**Listed records**.
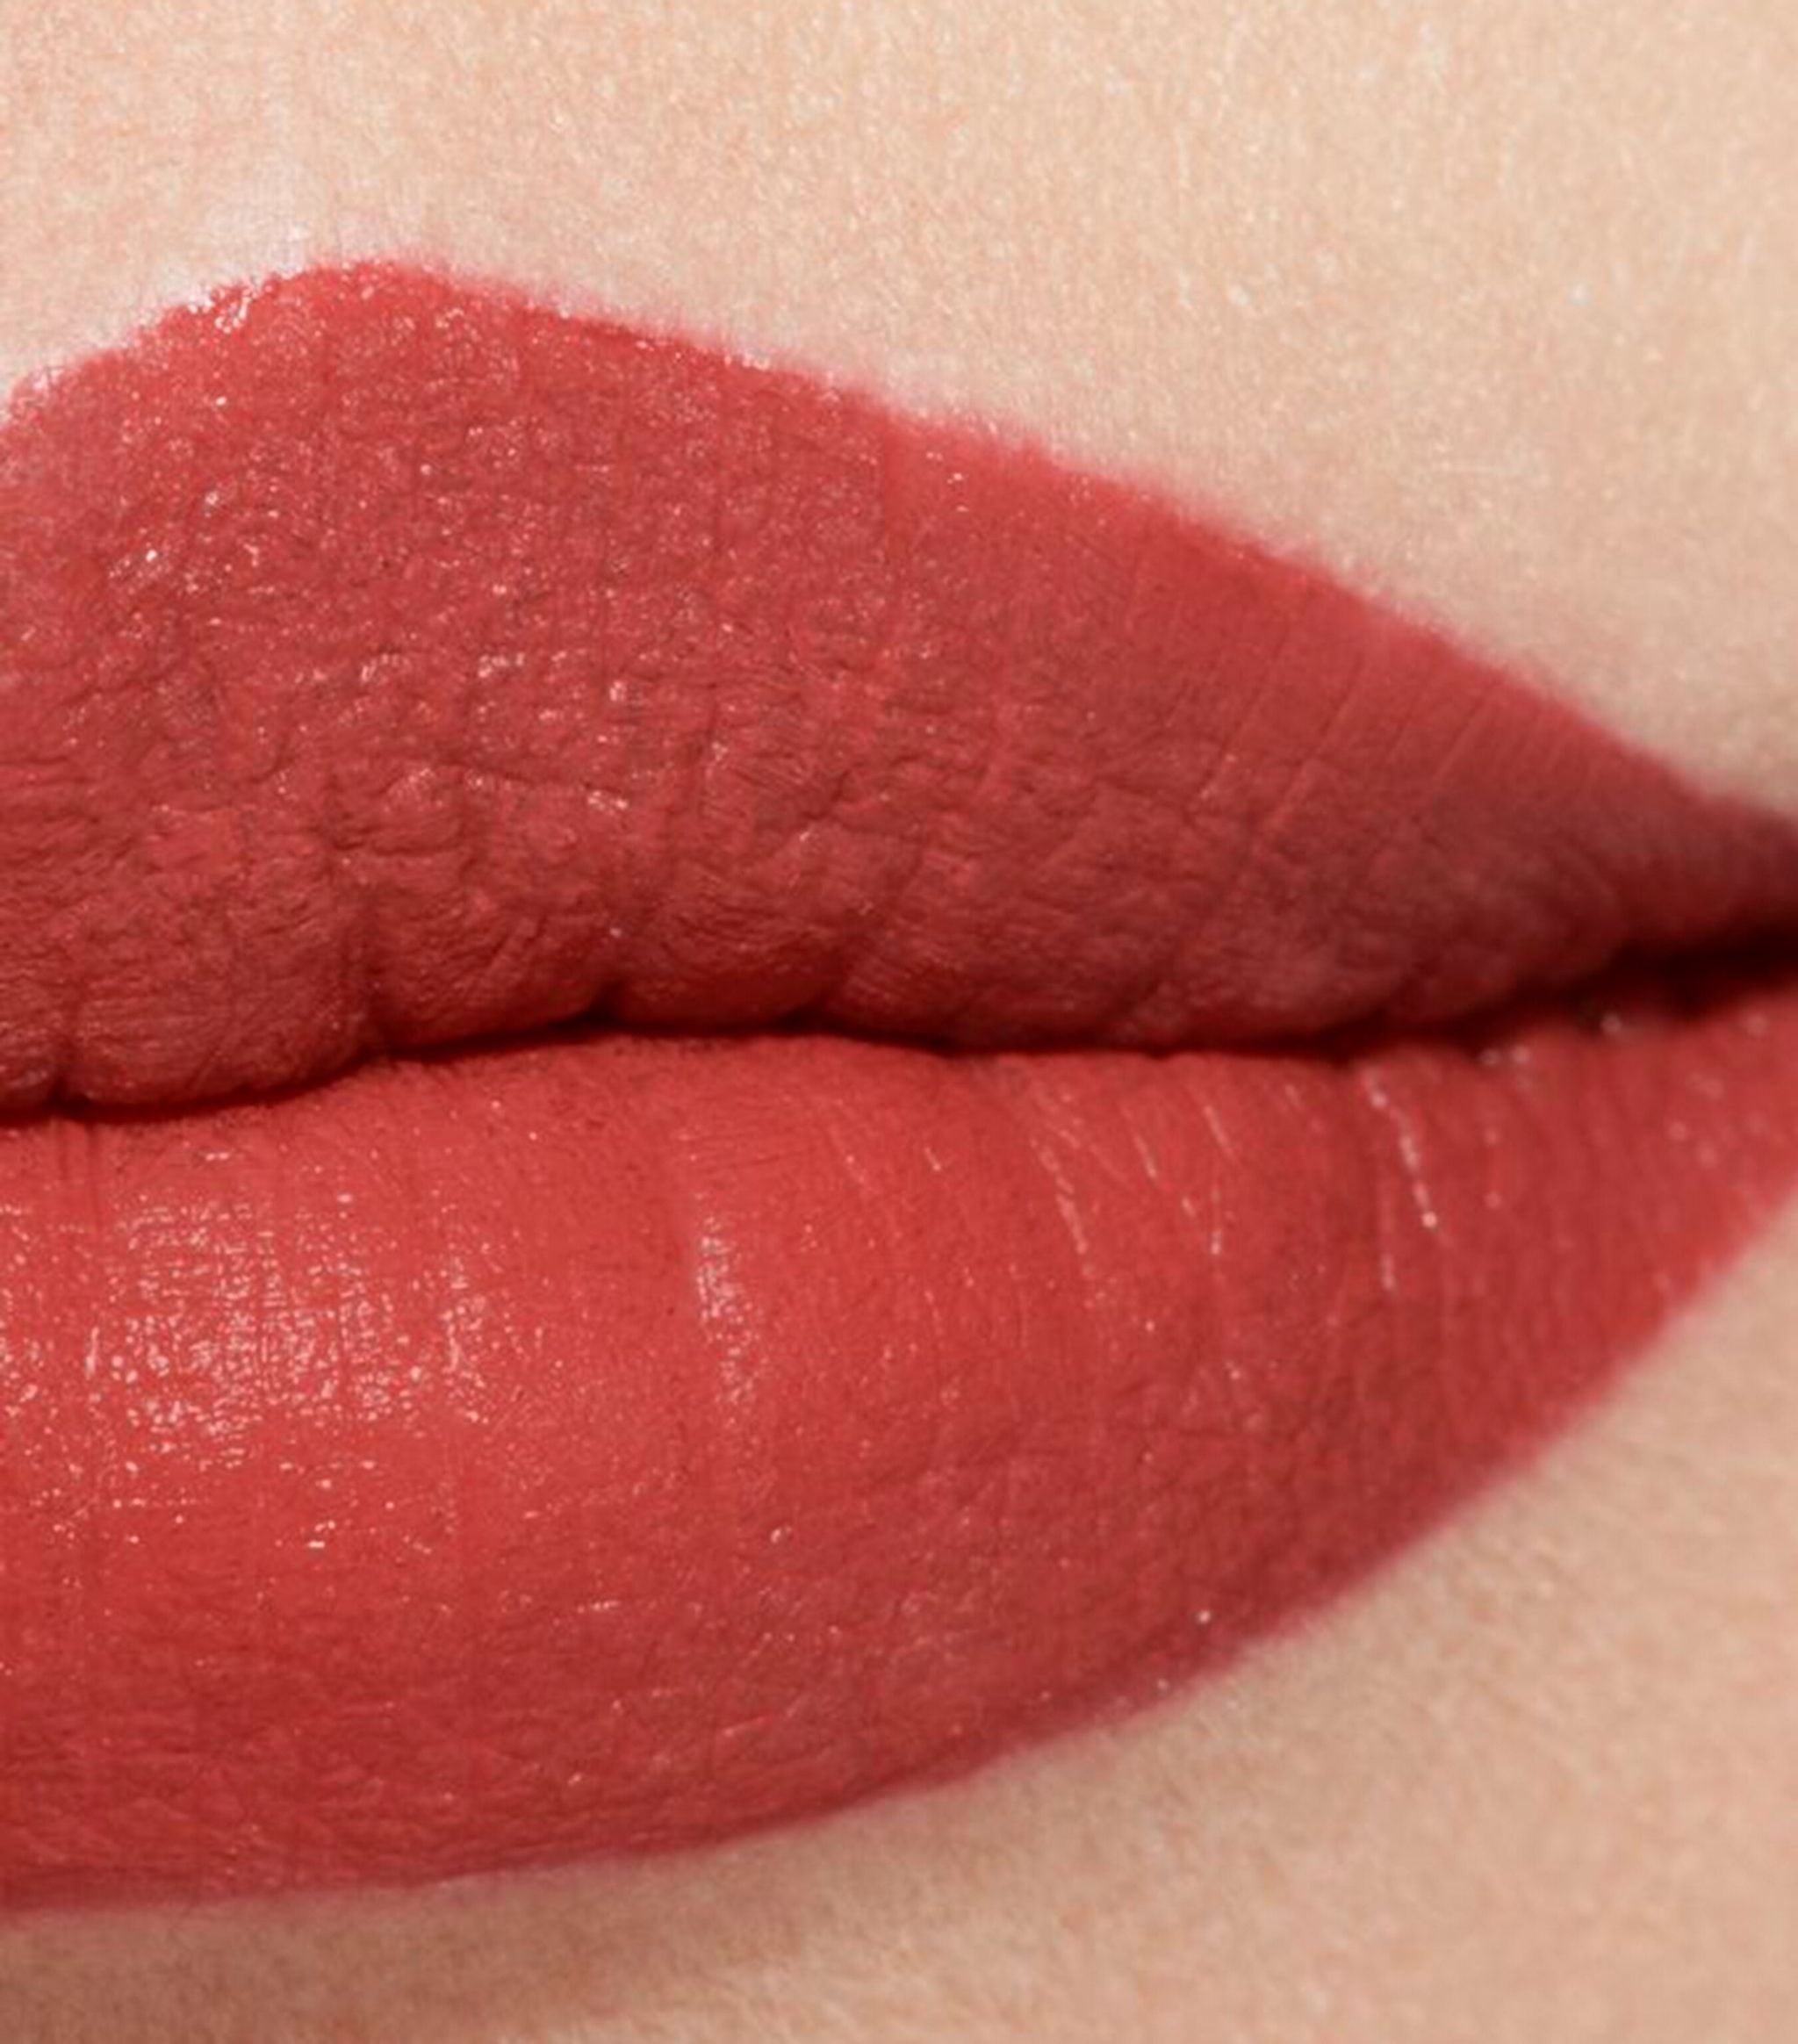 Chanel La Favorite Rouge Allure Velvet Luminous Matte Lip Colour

==

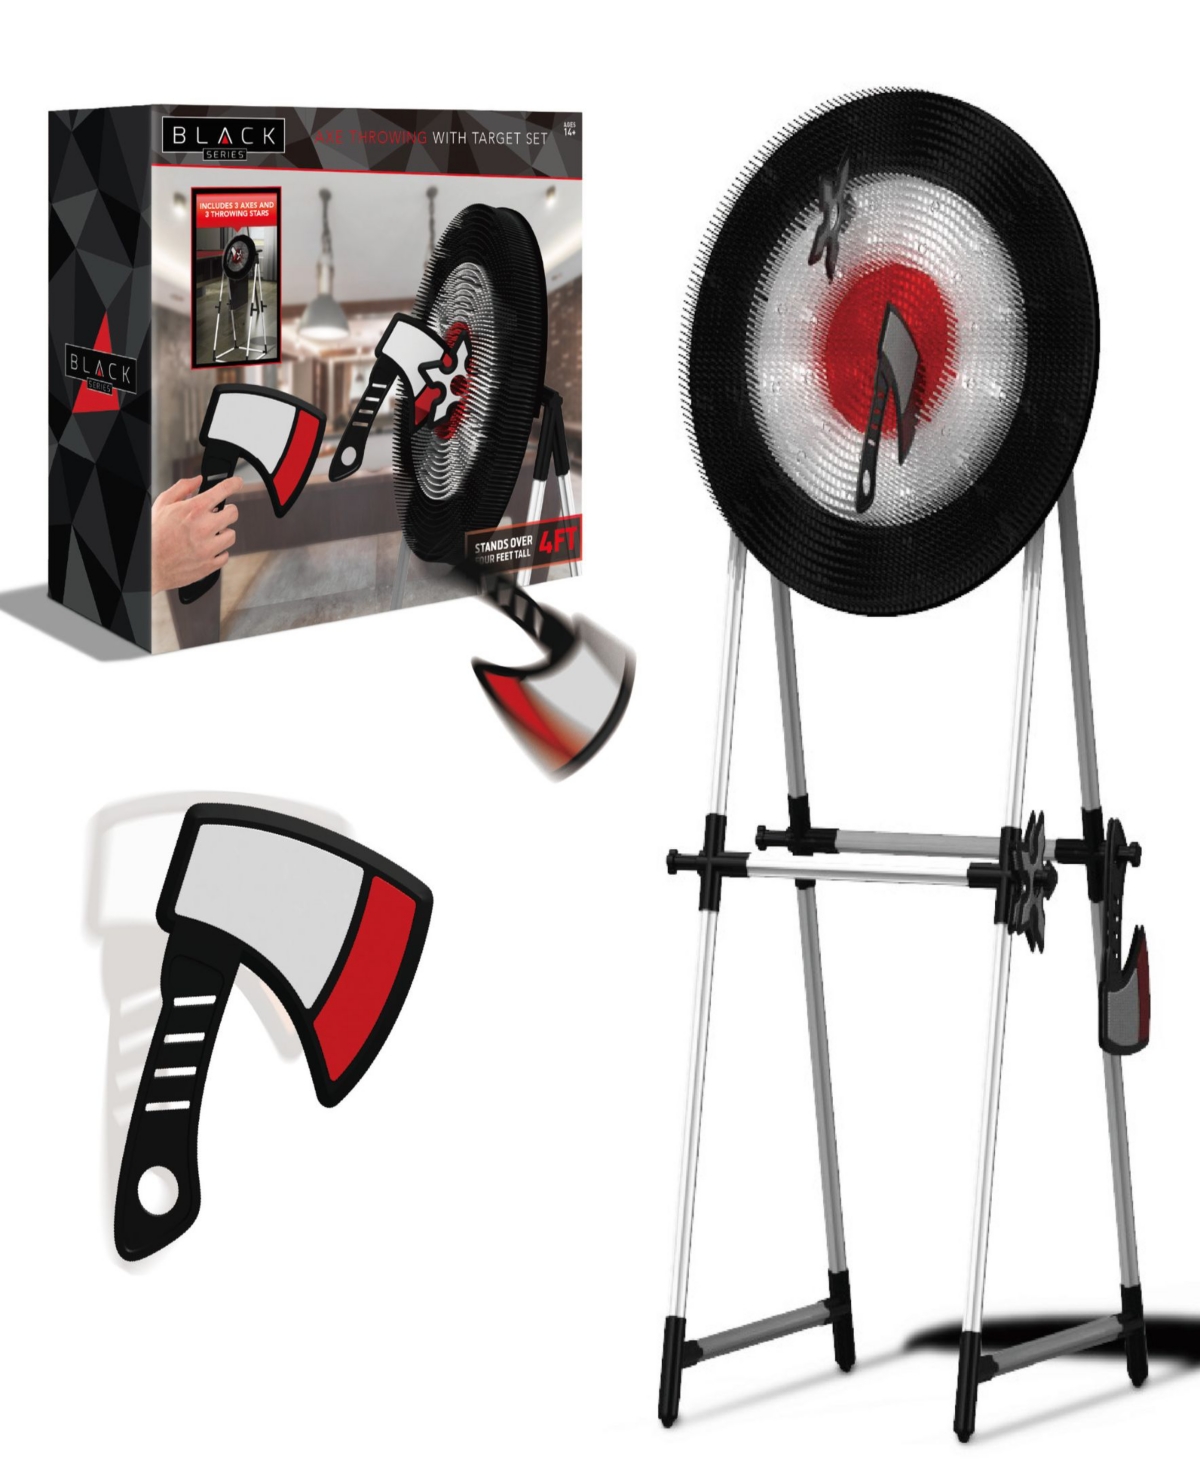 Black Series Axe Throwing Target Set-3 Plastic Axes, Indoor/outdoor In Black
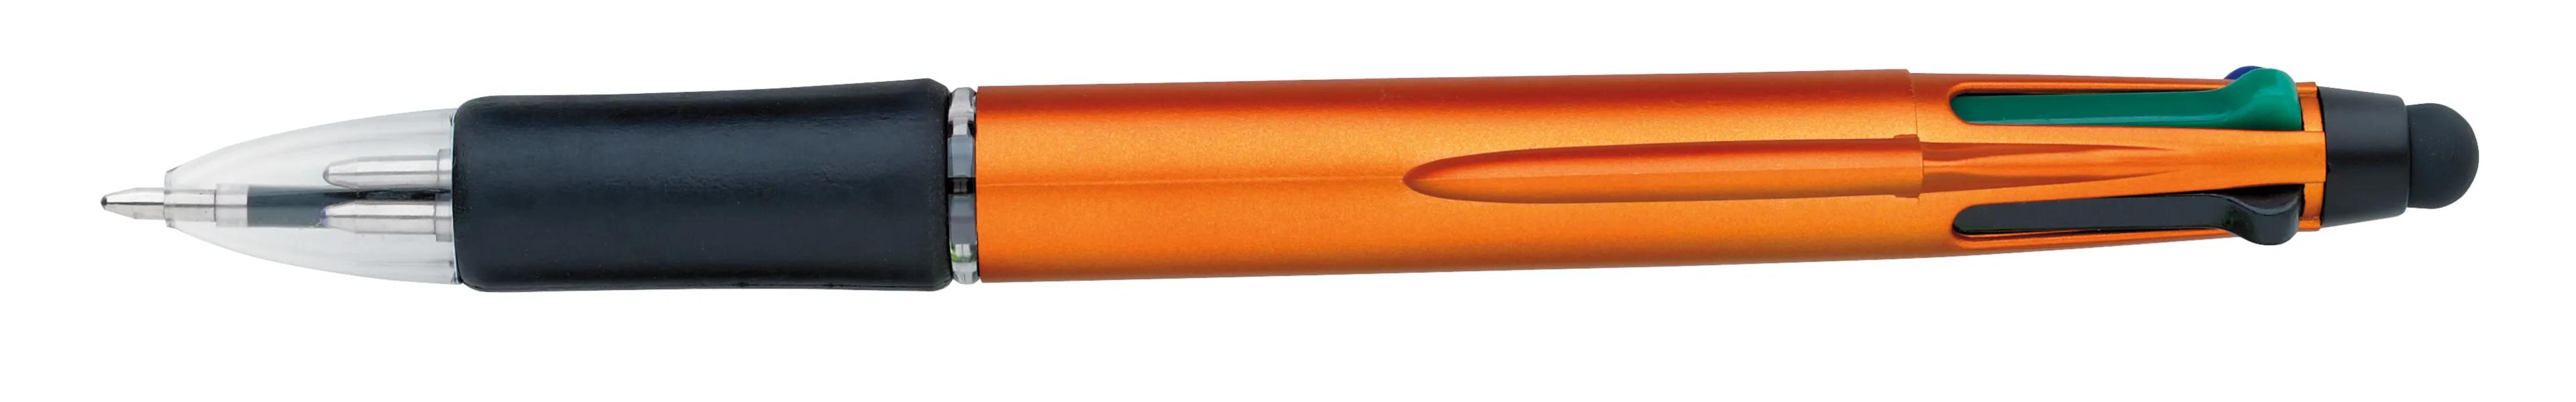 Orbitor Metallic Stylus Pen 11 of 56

**Exercise aim**. Print nothing but the lines above starting with the line that contains "Black Series Axe" and going on through the line that contains "Orbitor Metallic Stylus Pen 11 of 56". Leave out the pictures.

**Result of the exercise**.
 Black Series Axe Throwing Target Set-3 Plastic Axes, Indoor/outdoor In Black
 Orbitor Metallic Stylus Pen 11 of 56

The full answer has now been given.